(Civil rights attorneys Joaquin Avila (right) and Robert Rubin after successful oral arguments before the U.S. Supreme Court on Nov. 2, 1998. Contributed photo)

By LUIS A. ALEJO

California’s Latino community has lost its greatest voting rights gladiator. Last Friday, the legendary civil rights lawyer Joaquin G. Avila lost his battle to cancer after previously suffering from a stroke. No one was more accomplished than him when it came to fighting for Latino political empowerment and representation.

Avila successfully won landmark and precedent-setting cases all the way to the U.S. Supreme Court regarding discriminatory electoral systems that diluted minority political power throughout California and the Southwest. His work also dramatically changed the way voters elect their local officials and judges. Today, many of us in politics or those sitting as judges owe a tremendous debt to his lifetime of trailblazing advocacy.

But Avila’s realization of the need to empower poor communities arose through his own experience growing up in the tough neighborhoods of Compton, a community composed primarily of African Americans and Latinos in South-Central Los Angeles. His parents struggled to make ends meet, but they always stressed the importance of an education to their children. In 1966, he graduated from Centennial High School as class valedictorian, and went on to become one of the first Chicanos to graduate from Yale University in 1970. He later graduated from Harvard Law School in 1973 and was immediately hired as a law clerk to the Alaska State Supreme Court.

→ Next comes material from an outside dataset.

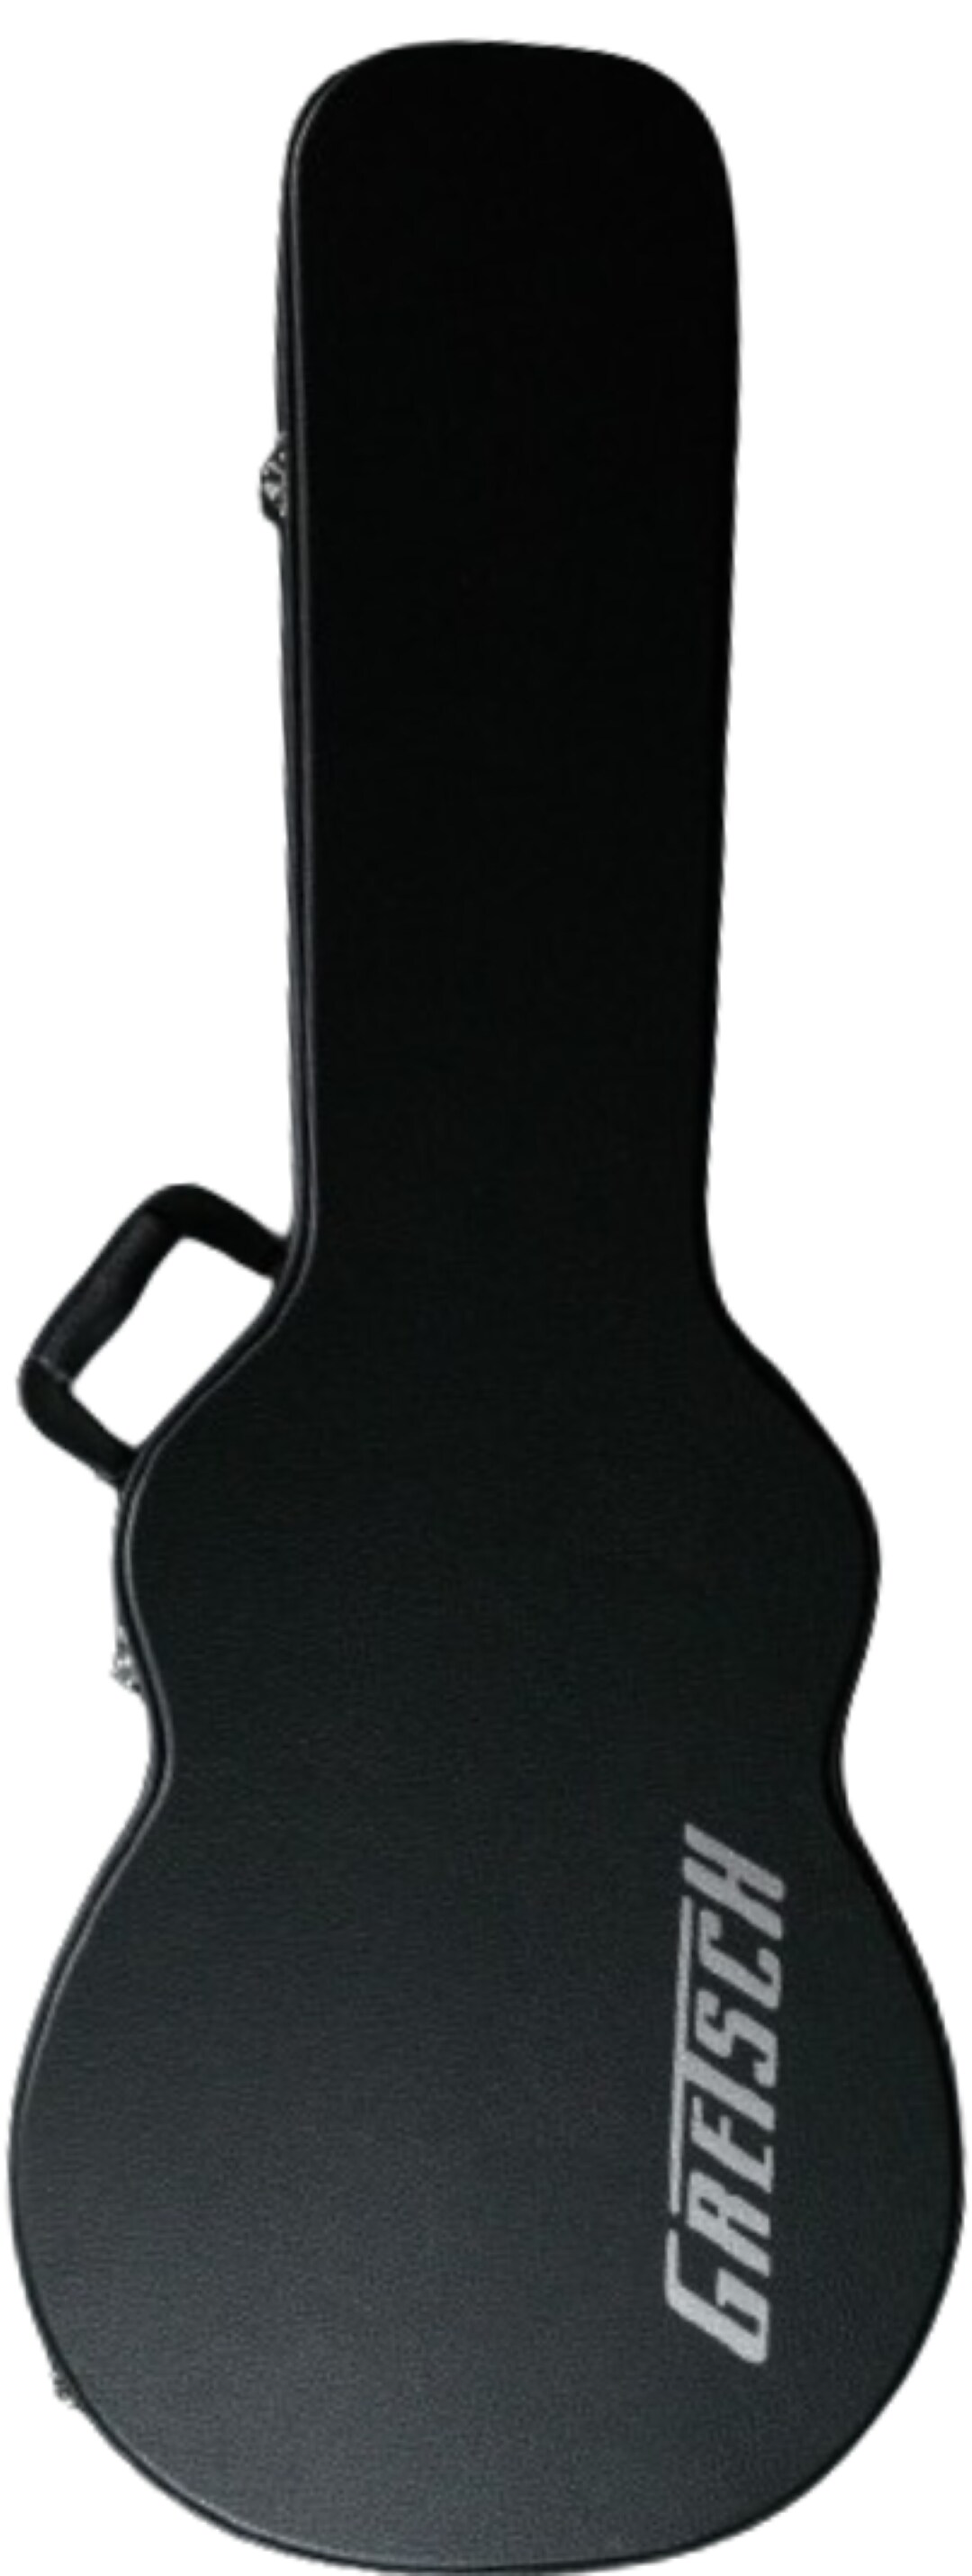 Gretsch Streamliner Center Block Junior Hard Shell Guitar Case (For G2655 &  G2655T) - Black

The Mexican American Legal Defense and Education Fund (MALDEF) had Avila join its ranks in 1974. His primary focus was in voting rights litigation and he challenged discriminatory voting systems all across the state of Texas, winning various groundbreaking cases. His success and leadership quickly led him to MALDEF’s top positions as president and general counsel in 1982.

Three years later, Avila opened his own private voting rights office. Shortly thereafter, he took on the landmark case of Gomez v. City of Watsonville. Three Latino plaintiffs and Avila claimed that the at-large elections system was unconstitutional and violated the federal Voting Rights Act of 1965. At the time, Latinos in Watsonville made up half of the city’s population, but never elected a single Latino to the city council.

The plaintiffs further contended that the at-large system unlawfully diluted the minority vote and unfairly disenfranchised Latinos due to the long history of racially polarized voting. White voters were voting for candidates of their own race regardless of the issues and minorities were not voting because they could never win locally.

District elections, on the other hand, would divide Watsonville into several geographical districts in which each district would vote for its own representative who lived within that district. Avila argued that districts would give a stronger voice, more cohesion and increased voting power to Latinos.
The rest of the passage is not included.